I use scrap lumber to make the cleats... and that construction process is also faster. At least for me...
Regards,
Steven


----------



## magnet-man (Jul 10, 2004)

Steven, I like your idea about the cleats. One thought I have kicked around but never put into practice is to use two cleats. One near the top and one near the bottom. The placement of the cleats would leave a 1/2 gap between the top cleat and the bottom cleat when the boxes are stacked. This would give enough of a gap to get a hive tool in to pry the boxes apart with out damaging the box itself. My thought are to make the cleats out of a more durable wood or maybe the new plastic/wood deck boards. Of course this would require a custom top. A custom top shouldn't be a problem since if you are making boxes you are also likely making tops.


----------



## heaflaw (Feb 26, 2007)

I set my table saw to cut 1/2 inch depth. Then, raised & lowered the super up and down on it about 10 times. I used a wood chisel to cut out what was left. Not very professional looking, but the bees don't seem to mind.


----------



## PerryBee (Dec 3, 2007)

I saw a youtube video yesterday on this very topic. Georgiabee.com (a guy by the name of John Pluta ???- type in his name on youtube) He used a circular saw set at 15 degrees and did them quickly by hand. Not too sure if this is a very safe way of doing it and it looked to be hard on the saw but it was quick and did the job. As always, Safety First.

Perry


----------



## TwT (Aug 5, 2004)

there easy to make, lets see if I can explaine > I cut mine on a table saw with a regular blade, not a dado. what I first do is lay two 2x4's about 12" long on both sides of the blade with ridge fence set at 3 1/2 inches from blade, set hive body on the 2x4's centered on saw blade, clamp hive body to ridge fence, start saw and raise saw blade until you hear it hit the hive body, as soon as it touches the wood raise blade just one revolution from that point, then leave blade raised just that one revolution then start turning you angle adjustment all the way till it is at 45 degree's then turn back straight up and raise blade another revolution up and repeat angle like before, it takes my table saw 4 raises to cut factory hand hold. hope this is easier to understand than it was to try to explain.


----------



## honeyman46408 (Feb 14, 2003)

Ted
I dont know if us old geezers have enough time to do it like that :lookout:


----------



## StevenG (Mar 27, 2009)

You know the old saying, There's more than one way to skin a cat. :lookout:
And as most recently posted somewhere on this forum, you get 5 beeks together, you'll get 7 different opinions. Now, I've already given you mine, just a sec, let me go get my other one! :lpf:

I keep looking for the quickest, easiest, most time efficient way to do things, that will work in the bee yard. Not always successful, but I'm at the stage in life i don't want labor intensive in my bee equipment. Maybe in some things for the grandkids, but not the bee equipment.

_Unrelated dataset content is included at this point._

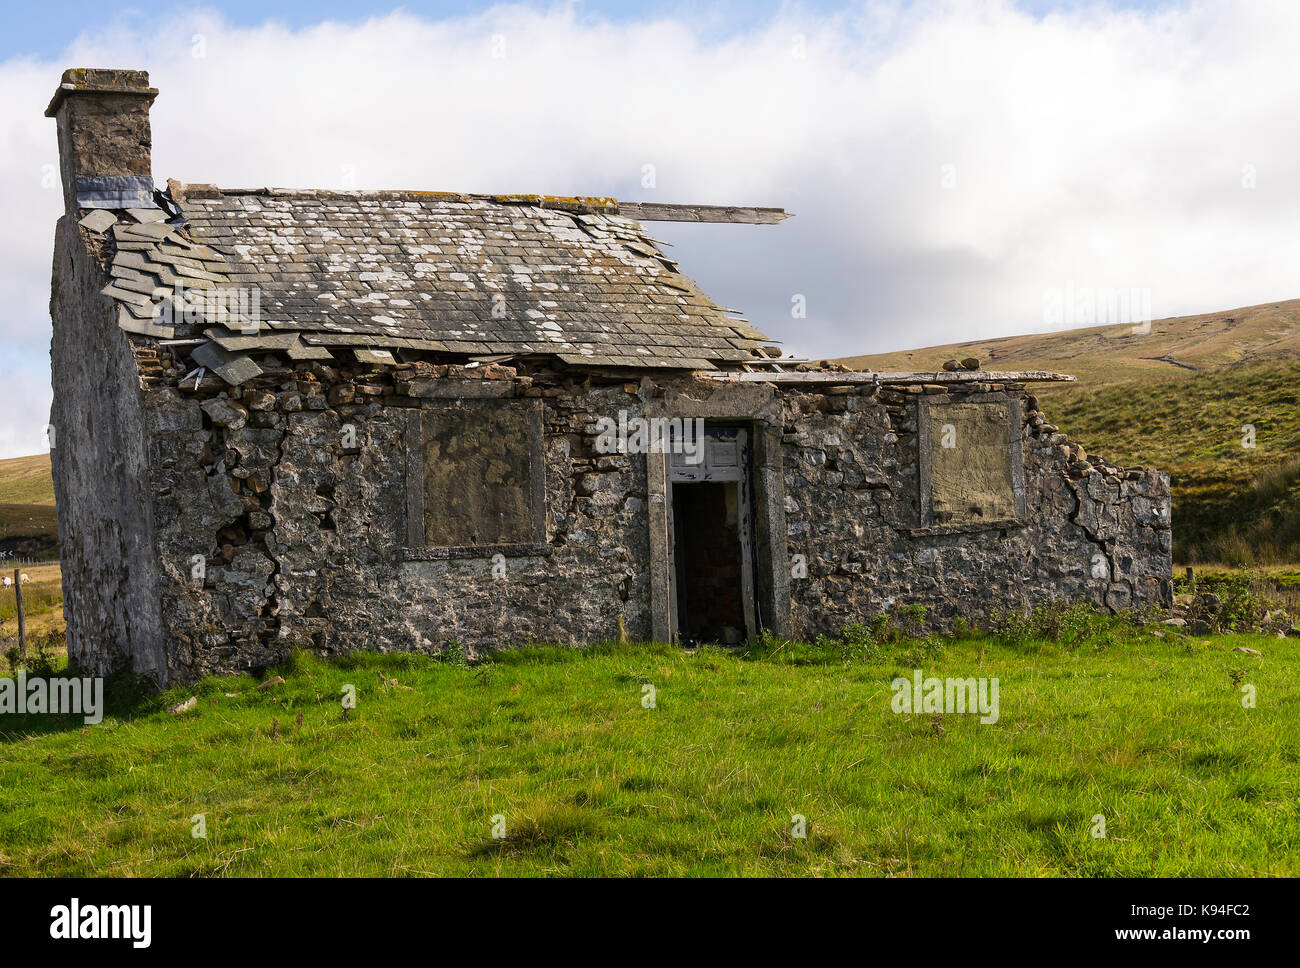 A Dilapidated Cottage near Ribblehead in The Yorkshire Dales National Park Yorkshire England United Kingdom UK Stock Photo

Regarding the comment about two cleats, I've seen pictures in bee books and magazines where several beeks, commercial i think, used two cleats. you can see them on the photographs. I don't see any reason why that wouldn't work, and perhaps there is an advantage to it. So why not?

I tried my hand at making telescoping lids one time... my equipment turned out not to be standard even in my own apiary, a couple of different sizes. And it took longer to do than simply buy the telescoping covers and assemble them. Cost almost as much too. Sigh... do you also get tired of learning things the hard way? :scratch:

Now, we think we'll never sell out...but you never know. The first time I kept bees, I hadn't plan to sell out, but an unanticipated move came up, and I had to sell. The nice thing was, all my equipment was standard commercially made. Very easy to describe and sell. So I'm building now in such a way that when I get to the point I can no longer keep bees, and my kids or grandkids aren't interested, everything is standard and should sell easily. You just never know. Cleats and such don't detract from standard, and can actually be shown to be a benefit.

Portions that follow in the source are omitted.